At this point this is the only thing keeping me from starting large scale production runs.

wcwitt · 2023-11-13T10:58:06Z

I've never run replica exchange in LAMMPS, so I'll need to dig into the internals to understand why it's breaking. Would you please send a complete (but simple) example, including a model? I'll use that to figure it out. Thanks

ilyes319 · 2023-11-13T12:15:50Z

The problem seems to be linked to how to the model is sent to different GPUs. If nothing is done, libtorch probably loads the model on the first GPU of the node. I think there is a probably a line to add to distribute the models on the right GPUs.

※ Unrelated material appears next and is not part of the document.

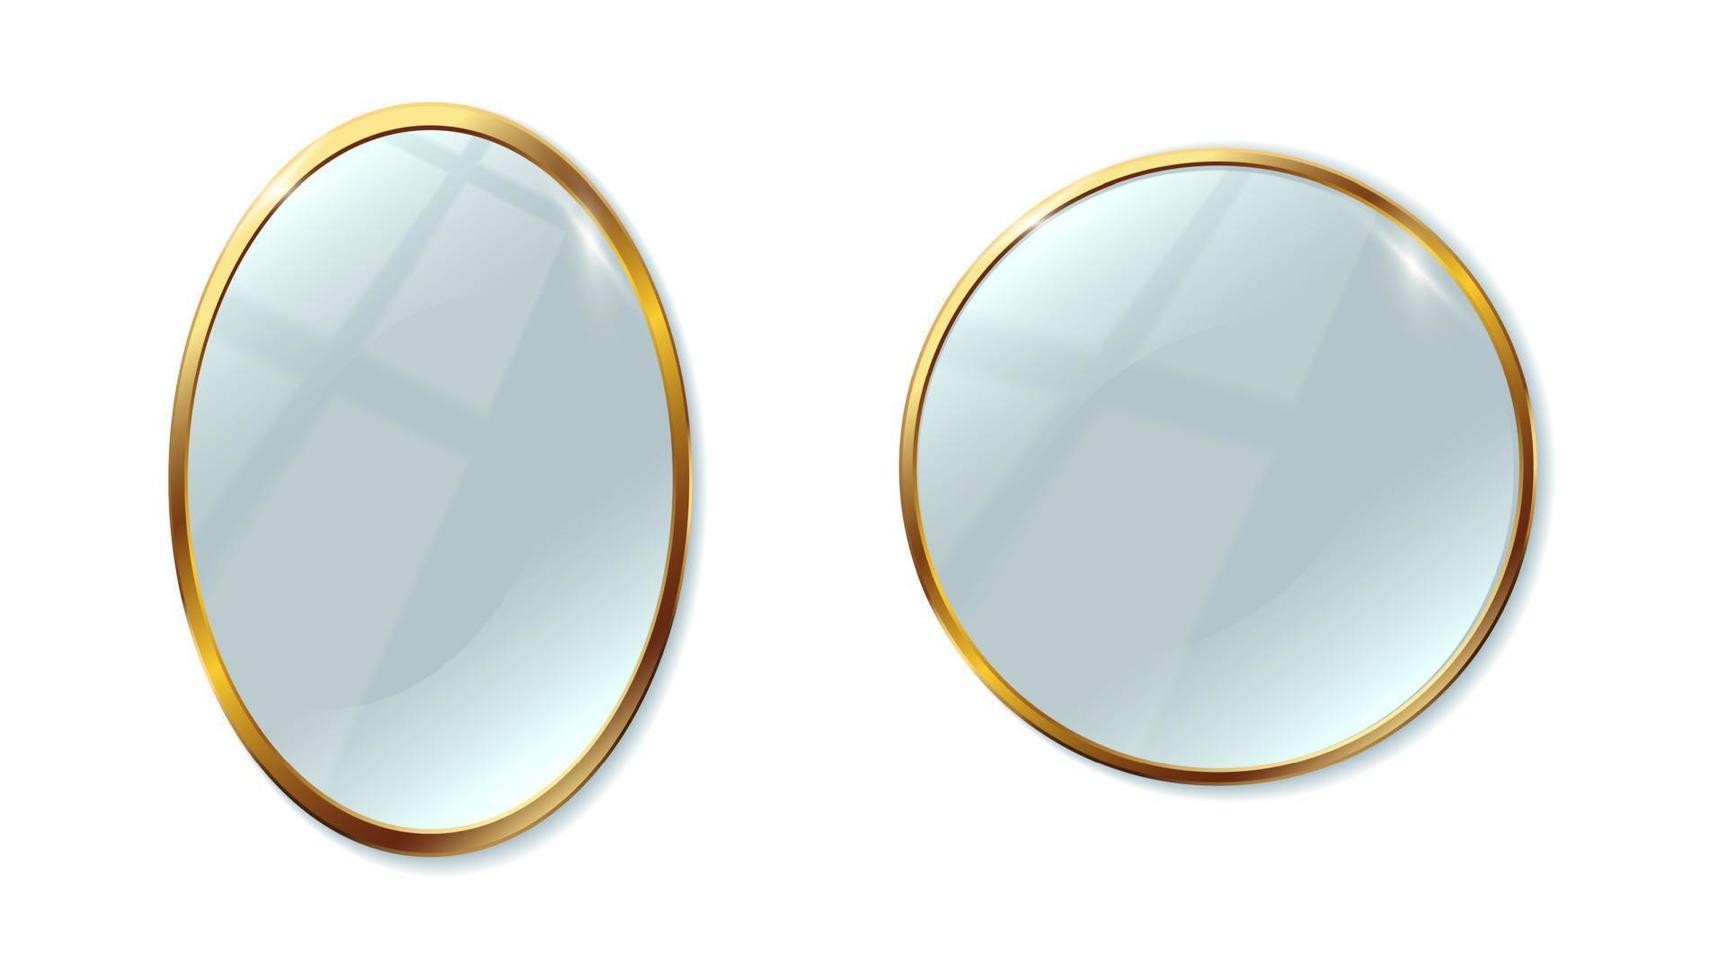 Conjunto de iconos vectoriales realistas en 3D. dos espejos con marco dorado ovalados y redondos. aislado sobre fondo blanco. vector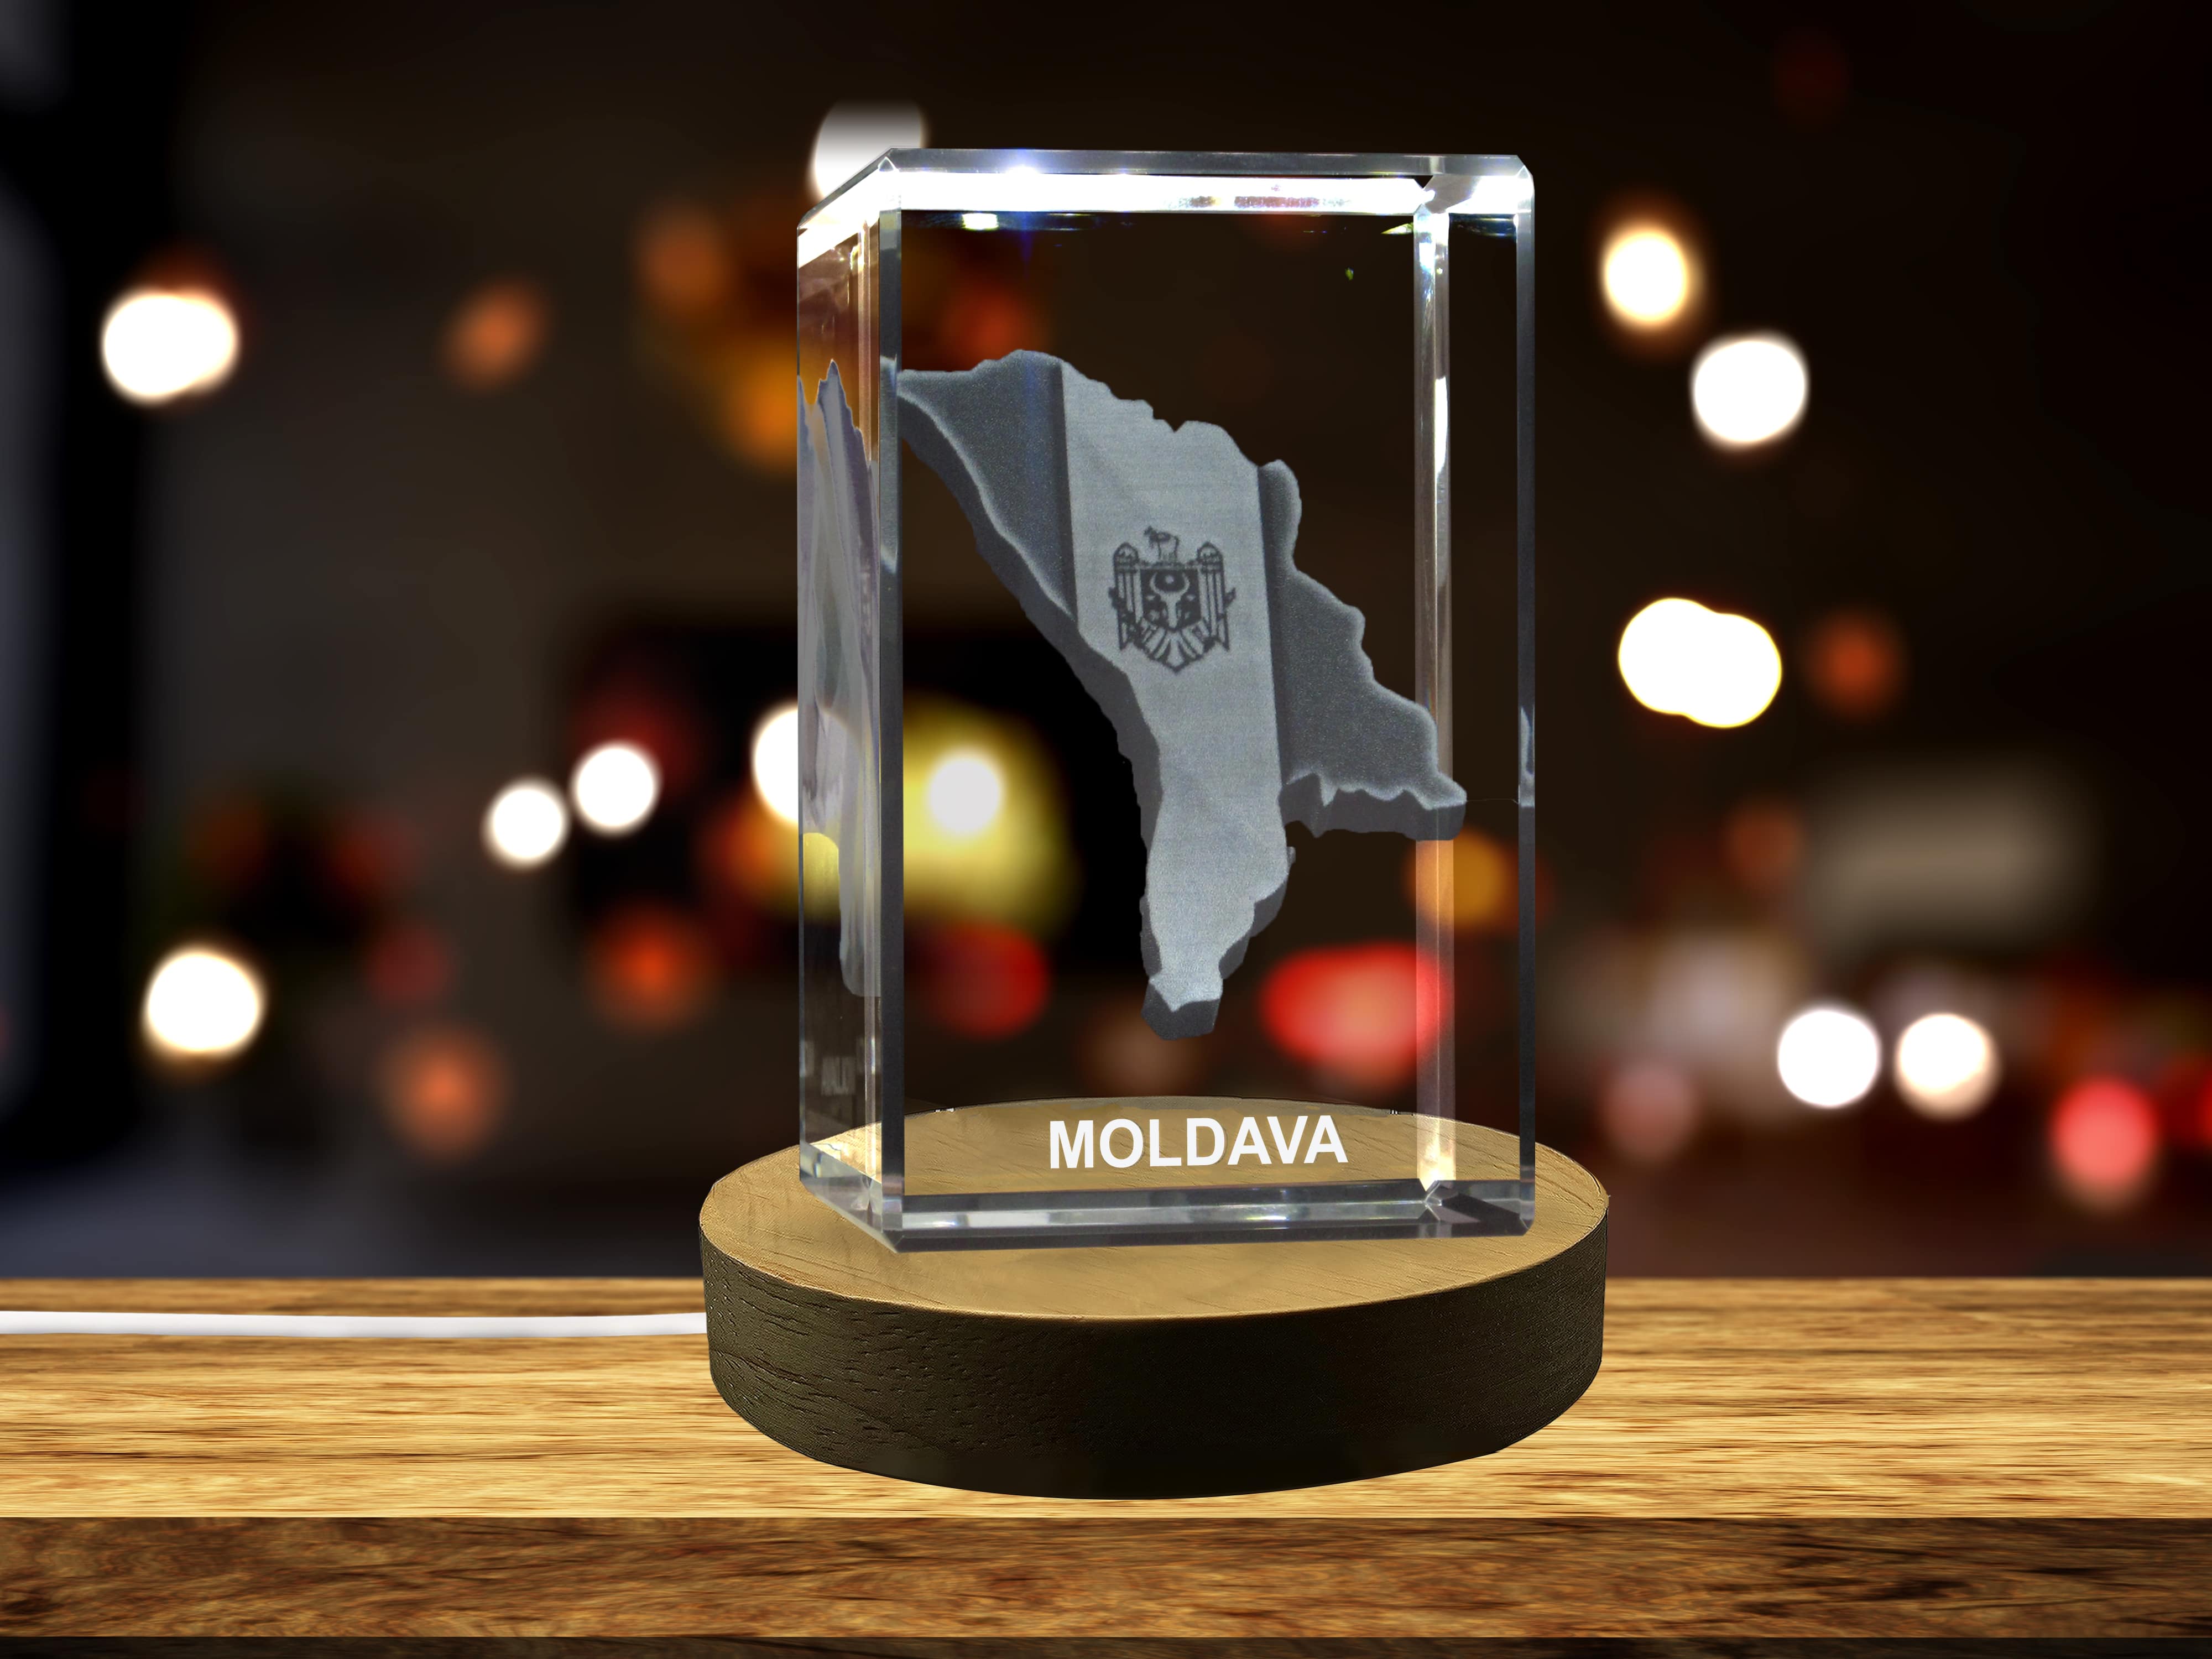 Moldova 3D Engraved Crystal 3D Engraved Crystal Keepsake/Gift/Decor/Collectible/Souvenir A&B Crystal Collection

wcwitt · 2023-11-13T12:35:13Z

Yeah I'm sure it's not terribly complicated. There is already this logic which assigns the model to the GPU associated with the local MPI rank. That's how the domain decomposition works.

  if (!torch::cuda::is_available()) {
    std::cout << "CUDA unavailable, setting device type to torch::kCPU." << std::endl;
    device = c10::Device(torch::kCPU);
  } else {
    std::cout << "CUDA found, setting device type to torch::kCUDA." << std::endl;
    MPI_Comm local;
    MPI_Comm_split_type(world, MPI_COMM_TYPE_SHARED, 0, MPI_INFO_NULL, &local);
    int localrank;
    MPI_Comm_rank(local, &localrank);
    device = c10::Device(torch::kCUDA,localrank);
  }

I'd still like a self-contained example.

Felixrccs · 2023-11-13T16:23:52Z

Thanks a lot
Test.zip
Here is the Test case, I simplified it as far as possible.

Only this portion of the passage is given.